Мы вчетвером поднимались на джипах, совершая тот же двухдневный путь по горным откосам, по которому прибыли сюда. «По аллювиальному склону эпохи голоцена», как сказал бы мой преподаватель геоморфологии в университете Нантер-Париж X. Холодный воздух похрустывал. Наши машины поднимали дымку мореновой пыли, перемолотой ледниками и откладывавшейся миллионами лет. Геологические процессы не предусматривают уборки.
Мы вдыхали шлаки, воздух пах кремнем.
Мари снимала солнце через тянувшийся за стадами шлейф. Улыбалась, созерцая пустоту. Лео налаживал аппаратуру — дорожные толчки вызывали разбалансировку, а он любил, чтобы системы пребывали в порядке. Мюнье бормотал названия животных.
Дорога на Дзадё была вся в рытвинах, и мы двигались медленно. Гранитные выступы служили защитой плато. Трасса шла по возвышению между двумя полосами грязного фирнового снега; мы радовались, что перебрались через перевал. Дальше приходилось часами петлять по извилистой дороге. Земля пахла мерзлой водой. Бесснежная местность, белая от пыли. Между мной и этими пейзажами, лишенными оттенков, песчаными рельефами и суровым климатом зарождалось дружеское чувство. Откуда оно взялось? Я родился недалеко от Парижа, родители приучили меня к атмосфере Туке. Я бывал в родной деревне отца в Пикардии с ее серым небом. Меня научили любить Курбе, мягкие линии области Тьераш и Нормандии. Я гораздо ближе к Бювару и Пекюше, чем к Чингисхану… И тем не менее на склонах Тибета я — дома. Ощущение, как будто открываю свою собственную дверь среди бескрайних степей Центральной Азии: российского Туркестана, афганского Памира, Монголии и Тибета. Я много бывал в этих местах. Поднимался ветер — и я вдыхал воздух родины. Объяснений может быть два: либо в прошлой жизни я был монголом-коноводом — и гипотезу переселения душ подтверждают горящие миндалевидные глаза моей матери; либо огромные плоские пространства отражают состояние моей души. Я неврастеник, вот меня и тянет в степи. Возможно, за всем этим скрывается некая геопсихологическая подоплека, в которой следовало бы разобраться. Согласно подобной теории, люди сообразовывали бы свои географические предпочтения с внутренней предрасположенностью. Легкомысленные любили бы цветочные луга, ищущие приключений — мраморные кручи, мрачные — подлесок Бренны, широкие души — гранитные плато.

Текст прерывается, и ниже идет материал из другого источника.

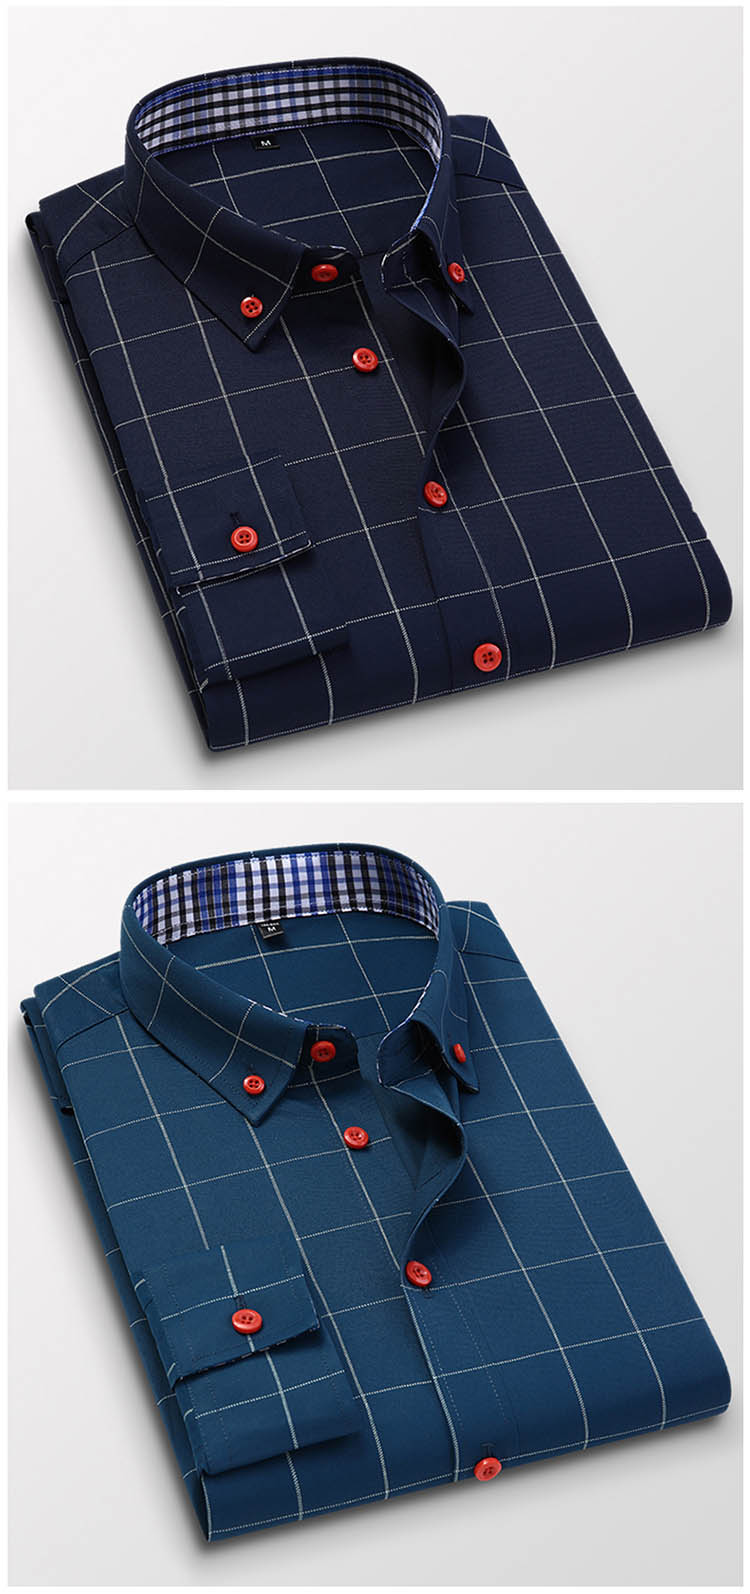 H8a473c5484a74bb09a43e7832fae499bp Handsome Fashion Men Shirts Casual Long Sleeved Plaid Shirt Regular Fit Male Blouse 4XL 5XL

Незадолго до того, как ветер донес до нас дегтярный запах железной дороги Голмуд — Лхаса, появился волк. Он трусил, вытянув шею, вдоль склона. Не замедляя хода, оглянулся — удостовериться, что мы не приближаемся к нему. И свернул под прямым углом. Тут выскочили дикие ослы, около сотни. На гигантской сцене разворачивался медленный танец. У каждого свой, строго предначертанный рисунок: волк трусил, ослы бежали; в пятидесяти метрах, в песчаном колосняке, застыла группа антилоп ширу и стадо газелей procapra. Животные соприкасались друг с другом, но не смешивались, ослы неслись, никого не задевая. Звери живут по-соседски, терпят друг друга, но не вступают в приятельские связи. Не стоит все перемешивать — вот разумная организация коллективной жизни.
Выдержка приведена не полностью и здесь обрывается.